Hw was born in Galway, son of William Keogh, clerk of the Crown for Kilkenny and his wife Mary ffrench. He went to Dr Huddard's school in Dublin, graduated from the University of Dublin and was called to the Bar in 1840, and became Queen's Counsel 1849. No-one has ever questioned his intellectual abilities: he was a superb speaker both in public and private, founded a well-known debating society, The Tail-end Club, and published several books on law, politics and literature. Despite his later reputation for eccentricity and bad temper, as a young man he was considered the best of company: genial, good humoured and a superb conversationalist. He joined the Connaught circuit where he rapidly acquired a large practice, due it was said to his eloquence and presence; these gifts soon turned him towards politics.[1]

He married Kate Rooney in 1841; they had one son, and a daughter Mary who married James Murphy, judge of the High Court.[2]

Political career[edit]

In 1847 Keogh was elected MP for Athlone. In 1851 he was a founder of the Catholic Defence Association and was re-elected to Athlone in 1852. In the latter year he helped found the Independent Irish Party popularly known as "the Pope's Brass Band", pledged to repeal of the Ecclesiastical Titles Act and to tenant reform. Most crucially its members pledged not to take office but to hold the balance of power at Westminster. In this they were at first successful, helping to vote out the administration of Lord Derby, who was replaced by Lord Aberdeen.

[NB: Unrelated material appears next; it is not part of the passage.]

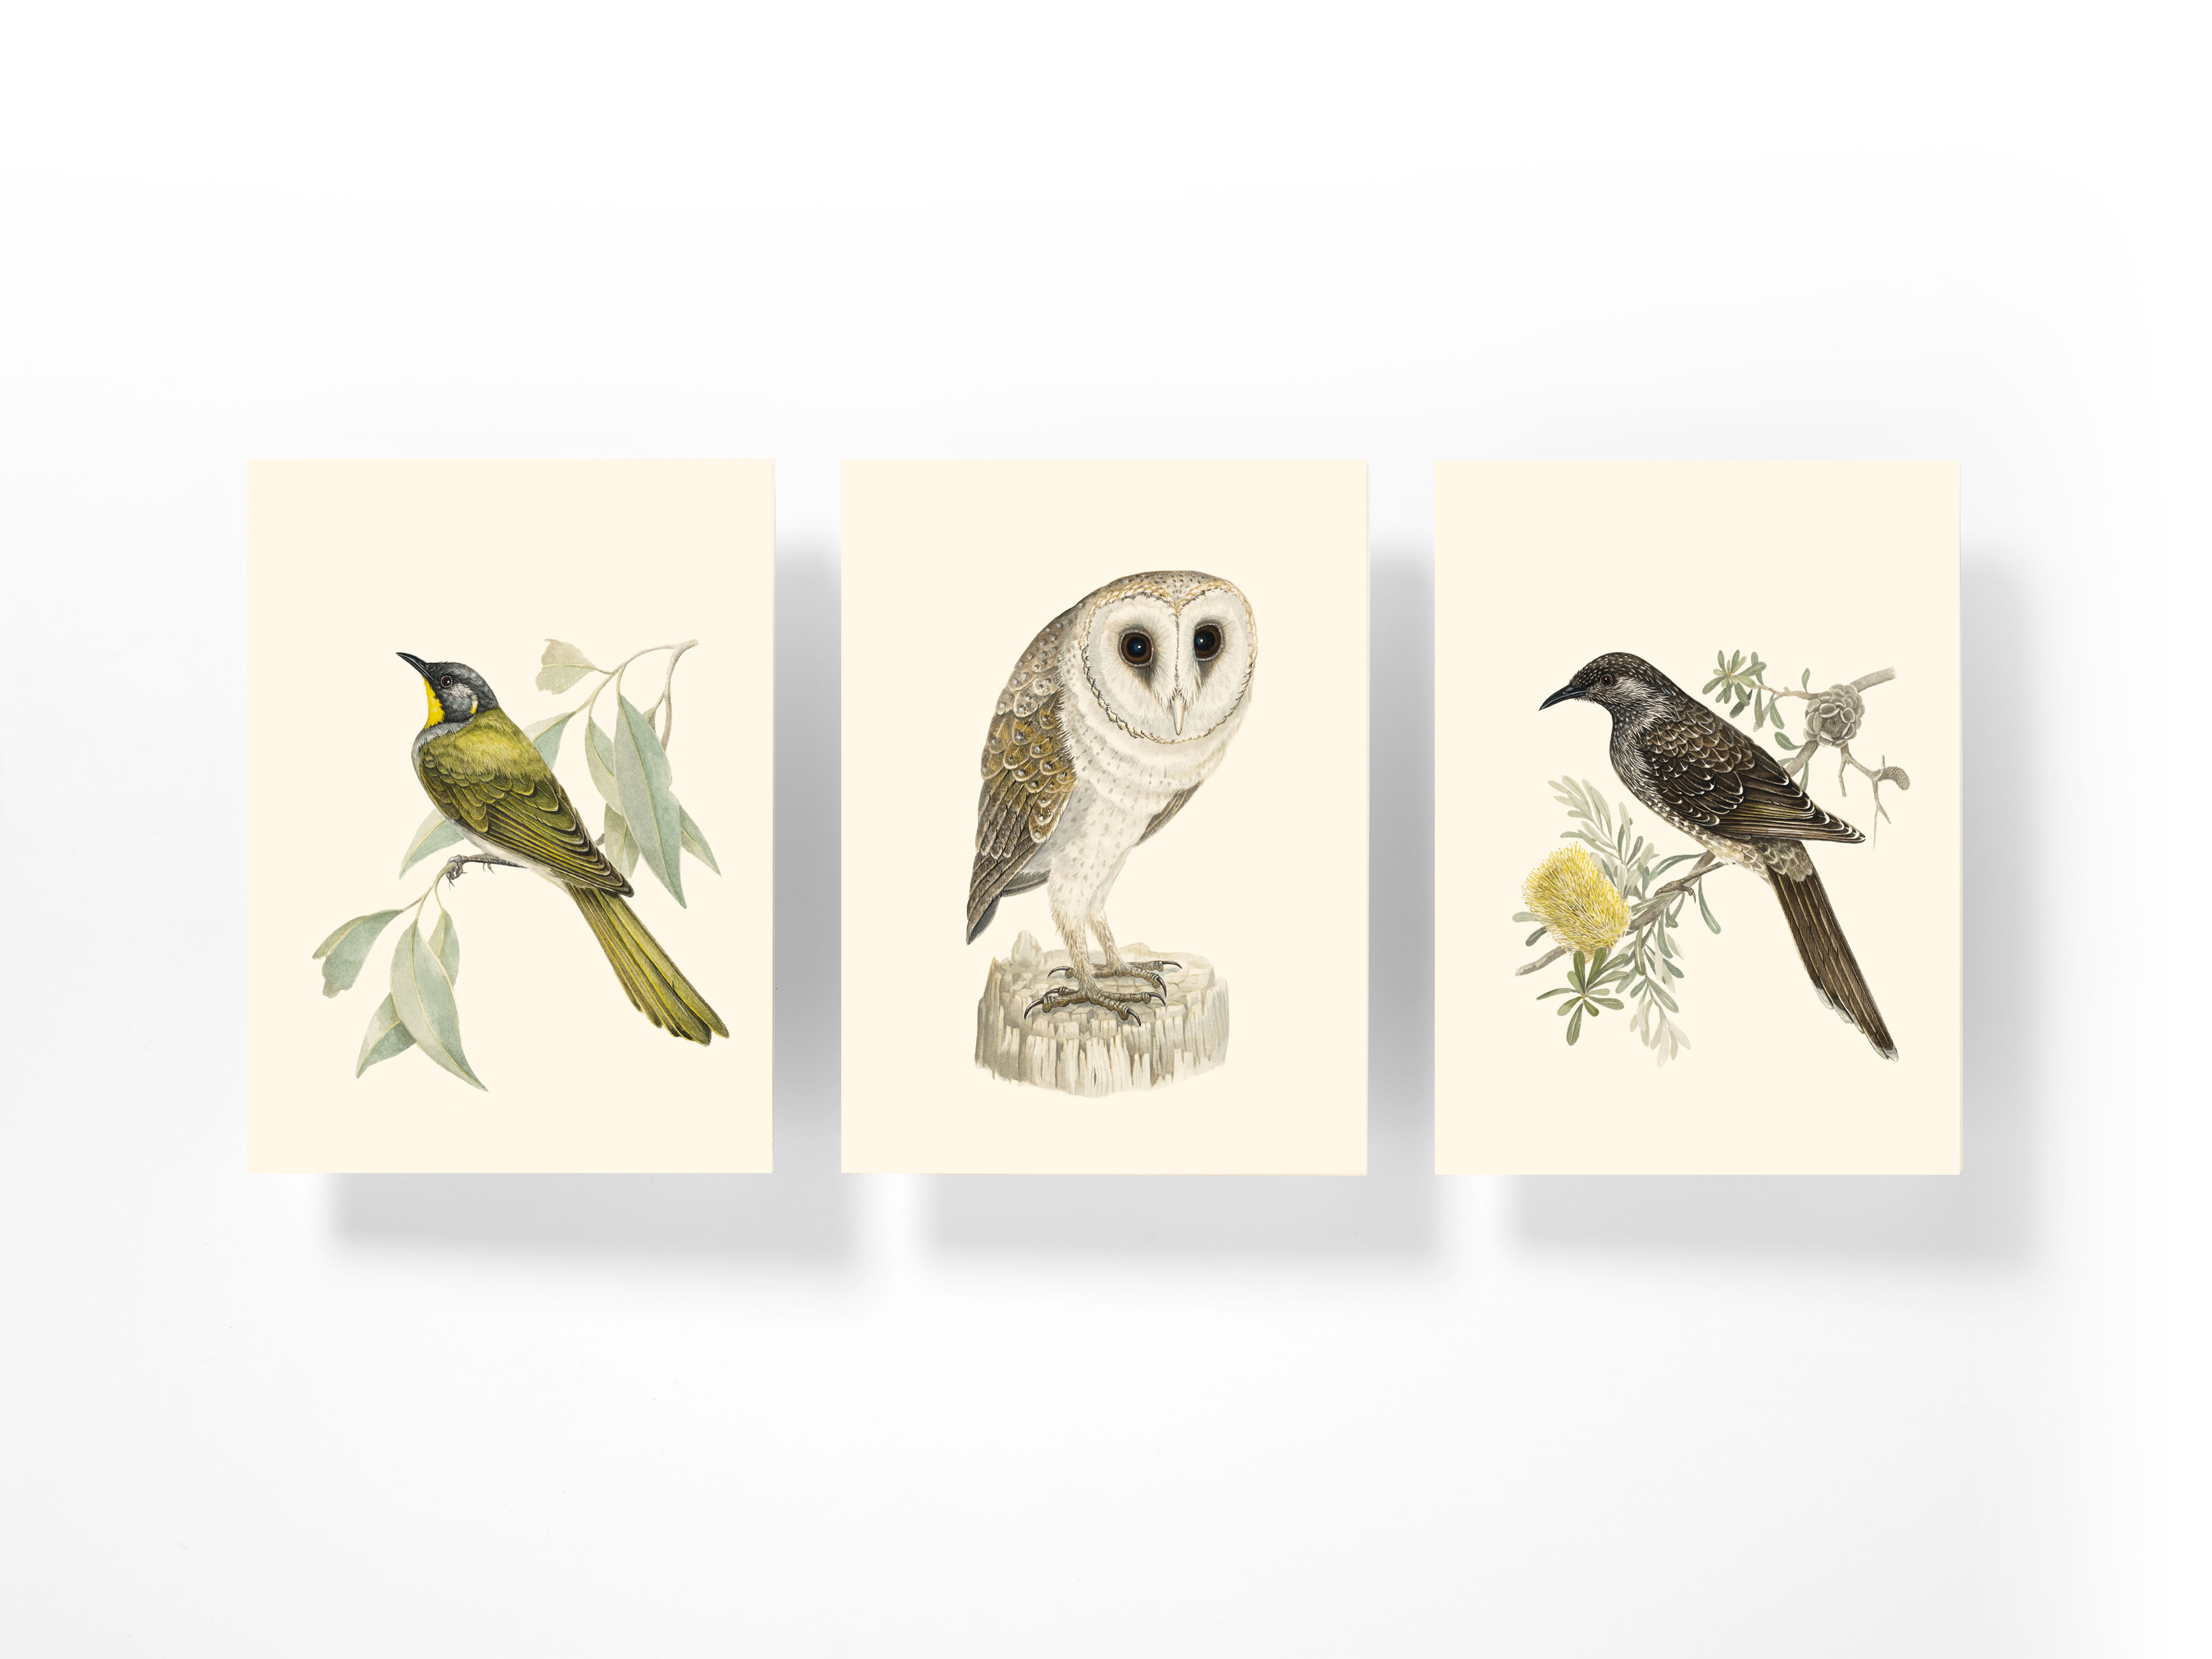 Photograph shows three of the cards from the box set of Tasmanian birds: Yellow-throated Honeyeater, Barn Owl, Little Wattlebird. Photo: Peter Whyte.
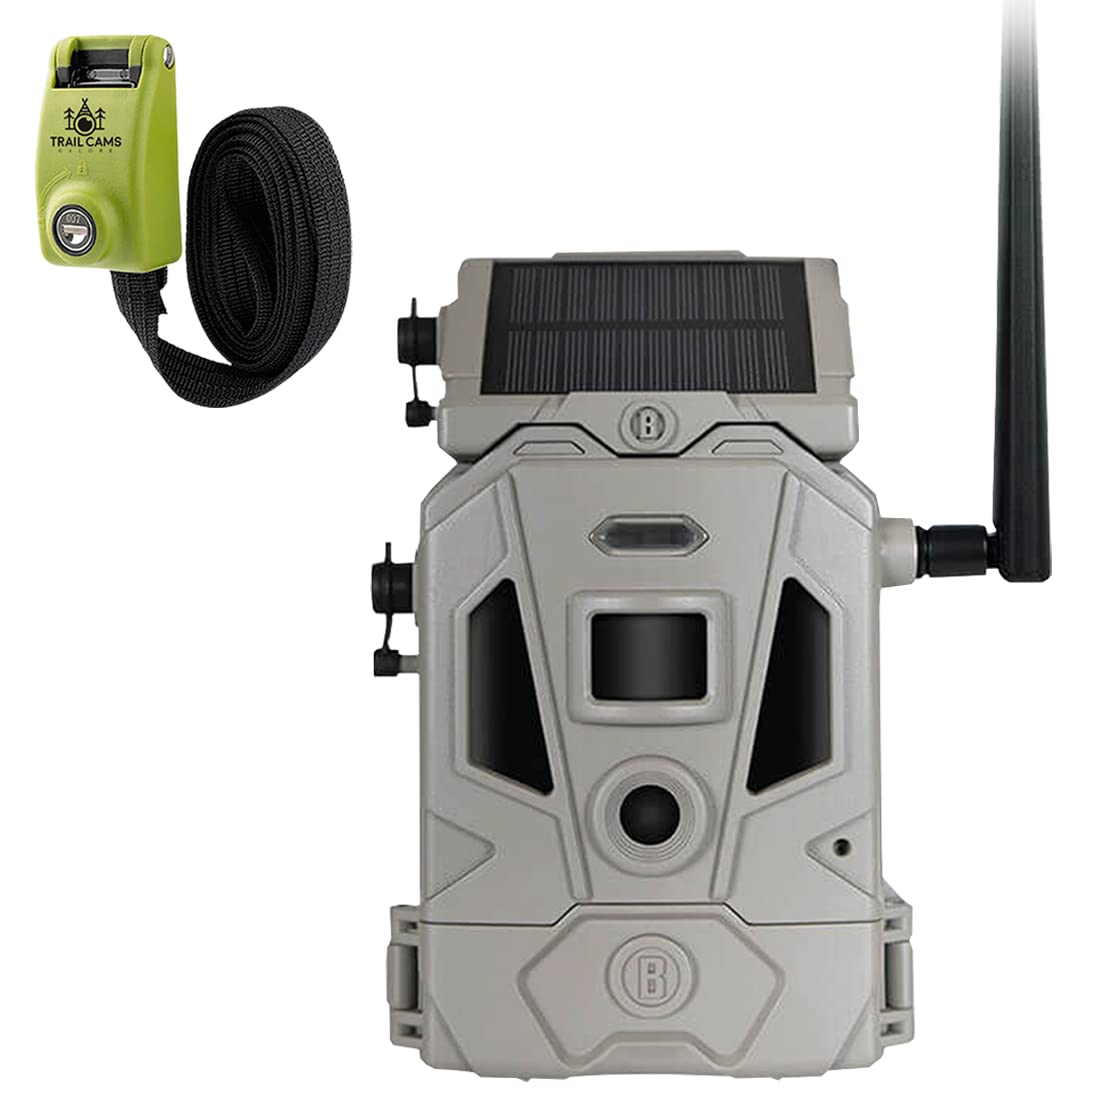 Bushnell CelluCORE 20 Solar Trail Camera, Low Glow Hunting Game Camera with Detachable Solar Panel with Bundle Options (Strap)

Within months of pledging not to take office, Keogh (like his friend John Sadleir) made the decision which destroyed his reputation in his own lifetime and beyond: he accepted office in the Aberdeen Government, becoming Solicitor-General for Ireland, and Attorney-General for Ireland in 1855. His decision was seen as an unforgivable betrayal of a solemn pledge and his name, and Sadleir's, entered the Irish political vocabulary. Even a century later, John A. Costello turned down the offer by Éamon de Valera to make him a Supreme Court judge on the ground that he "did not wish face charges of being another Sadleir or Keogh".[3]

Judicial career[edit]

In 1856 Keogh was appointed a judge of the Irish Court of Common Pleas. On the grounds of legal ability no one could dispute that he was well qualified, but unfortunately his conduct as a judge did nothing to restore his reputation. He was a man of strong opinions, always expressed forcefully, and his hot temper led to frequent quarrels with counsel; on one occasion Peter O'Brien, the future Lord Chief Justice of Ireland, was threatened with removal from Court. It must be said in Keogh's defence that, having recovered his temper, he apologised to O'Brien in open Court and in the presence of the assembled Bar.[4] This suggests that Keogh, who as a young man had been famed for geniality and good humour, was not acting out of malice, but was suffering from strain and ill-health.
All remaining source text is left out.